The Rope That Looked Like a Snake
Maya is neither deceit nor dream, but a superimposition: onto one reality the appearance of many is thrown. Advaita teaches you to see the ground without warring against the appearance.
Advaita rests on a claim the mind first recoils from: reality is one. Pure consciousness, without a second. But then where does all of this come from – bodies, things, time, you reading these lines, and I who gathered them? If there is only one, why does experience speak of many? The tradition’s answer reached us in a single word, the one most often mistranslated. Maya.
Not illusion, but superimposition
Maya is often read as “illusion” and taken crudely: the world supposedly does not exist, everything is a mirage, you can wave it away. Advaita says something finer. Maya is adhyasa, superimposition: onto one thing the appearance of another is thrown.

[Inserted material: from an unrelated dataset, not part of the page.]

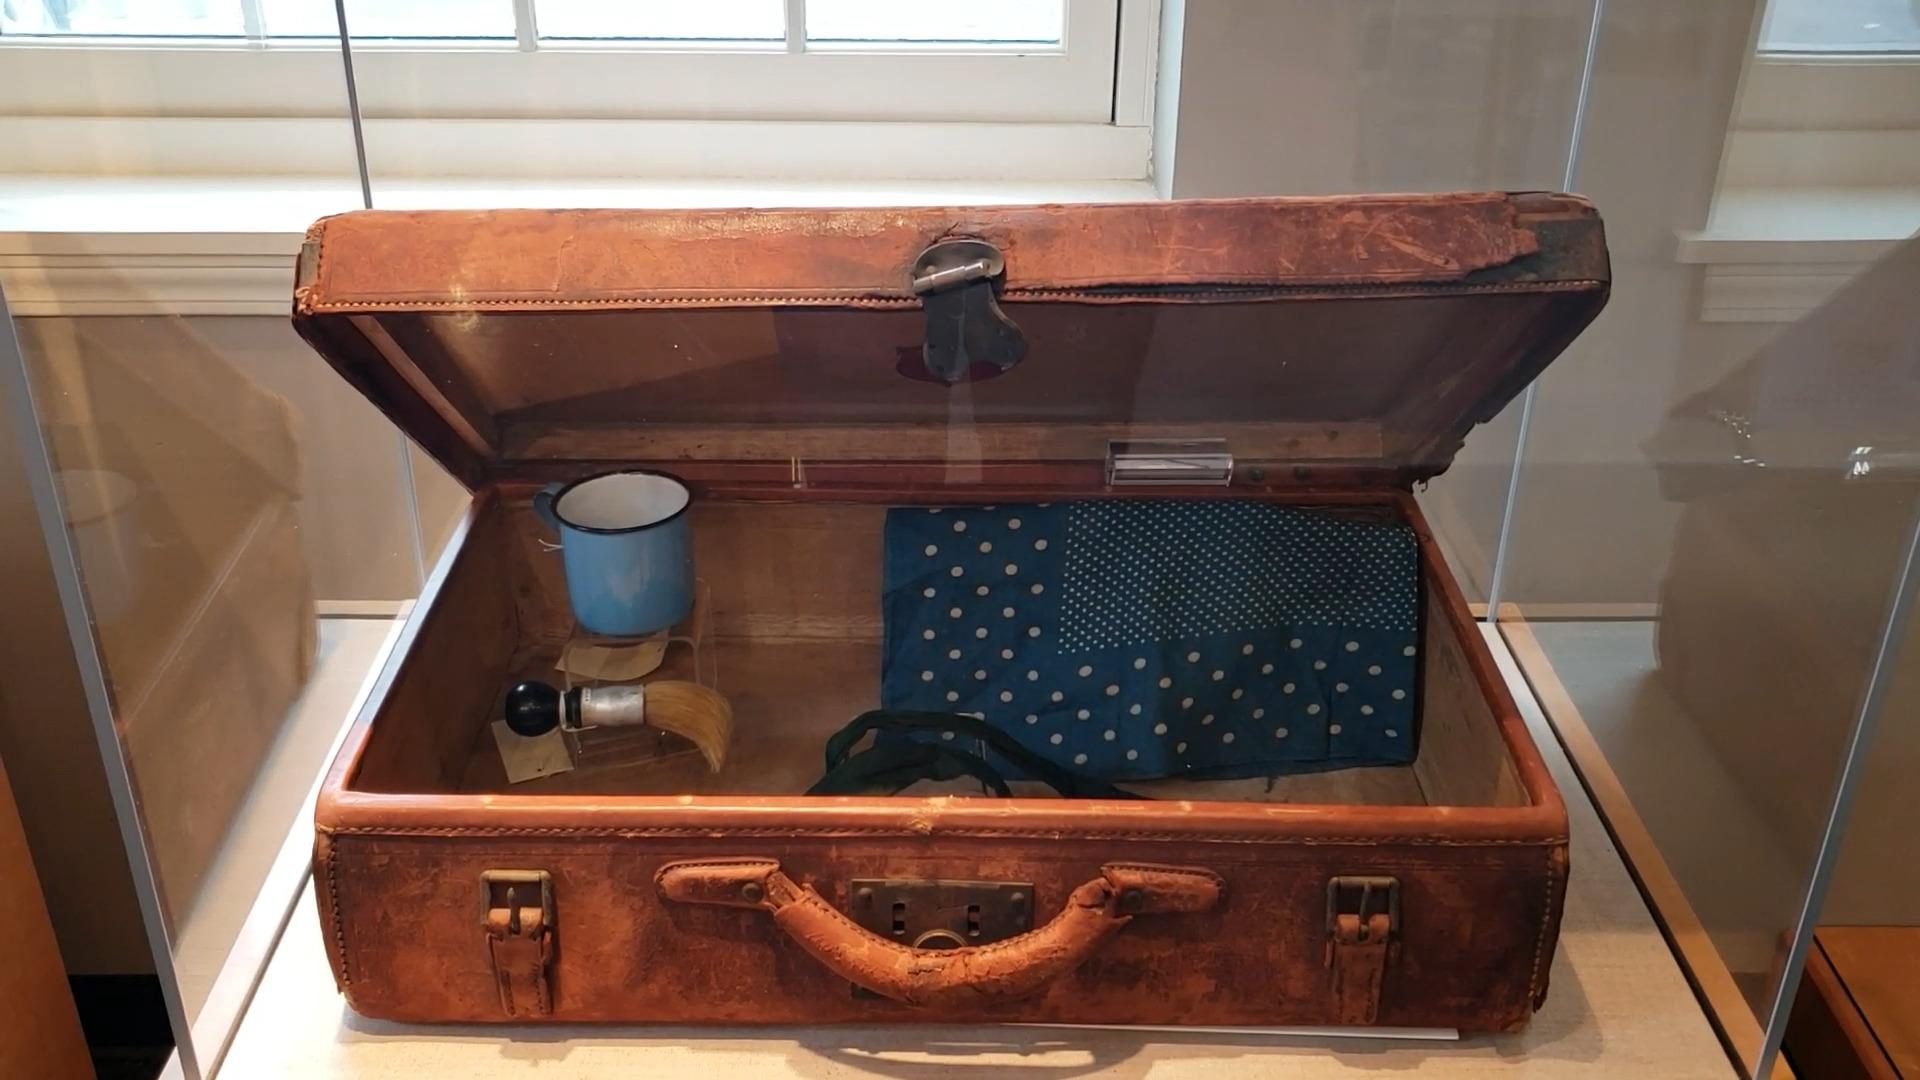 Suitcase exhibit reveals state asylum patients of the 1900s

Shankara, who in the eighth century gathered the teaching into a coherent system and walked all of India with it, passed this on through an image the whole tradition has carried ever since. Twilight, a path, a rope lying on it. The traveler sees a snake – takes fright, leaps back, the heart pounds. There is no snake, not for a moment. Yet the seeing of it was not nothing: it happened, the fear was real, the body answered. What was false was not the experience itself, but what it was taken to be. When the light falls, the snake does not flee and does not die. It simply was never there – there was a rope, onto which the mind threw it.
This is how Advaita looks at the world. It is not an empty fiction, nor a solid separate reality. It is a rope seen as a snake. The ground is genuine: the consciousness in which everything appears. And the multitude of separate things, the dividedness, “I am here, the world is there” – this is an overlay laid over it, an appearance that holds exactly as long as the ground is not recognized. Hence the tradition’s formula, strange to the ear: the world is both real and unreal. Real as the consciousness lying at its ground. Unreal as the separate, self-standing thing it seems to be.

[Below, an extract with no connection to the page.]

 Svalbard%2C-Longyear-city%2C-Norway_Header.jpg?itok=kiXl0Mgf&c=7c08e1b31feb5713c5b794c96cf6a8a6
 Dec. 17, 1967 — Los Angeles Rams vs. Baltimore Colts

Why one does not war against maya
From this follows what sets Advaita apart from the paths of struggle and renunciation. One does not fight the snake. It is not driven out, not suppressed, not fled from into a cave. It is pointless to beat the rope to chase off the snake – there is no snake there. Only one thing is needed: to see the rope. The appearance dissolves not by force against it, but by recognition of what lies beneath.
So Advaita does not call you to despise the world or to declare it evil. Annamalai Swami, a direct disciple of Ramana, said it almost sharply: do not investigate the origin of the illusion, do not argue with it, do not study its workings – that way you only reinforce it, give it more attention, and so confirm its importance. Do something else – keep your attention on what is real, on the feeling “I am,” and the appearance loses its grip on its own. Light does not war against darkness. It simply is, and the darkness turns out not to be there.
And suffering here is given its precise place. For Advaita, pain is born not from the world as such but from the superimposition: you took the snake to be real and identified with the fear of it. You took the passing roles, the thoughts, and the body itself for what you are – and became mortal, separate, vulnerable inside a dream of dividedness. Liberation is not in correcting the dream or escaping it, but in recognizing the one who sees. That in which the snake, the rope, and the very traveler on the path all appear.
This ancient distinction explains why the sages of this lineage could live in the thick of the world and remain untouched. Nisargadatta traded in a shop, Shankara walked the roads of India, Annamalai Swami hauled the stones of the ashram – none of them turned away from things. They simply stopped taking the rope for a snake. The world stayed in place; what left was only the belief that it is a separate, threatening, solid reality standing against you.
Artur, walking ahead and leaving notes, carries this distinction to the living keepers not as a beautiful metaphor but as a point of view you can wear all day long. Here we read the tradition to understand how it sees the world and pain. The recognition itself, of the ground beneath the appearance, unfolds in a living transmission – calmly, without the hurry to shake off the snake.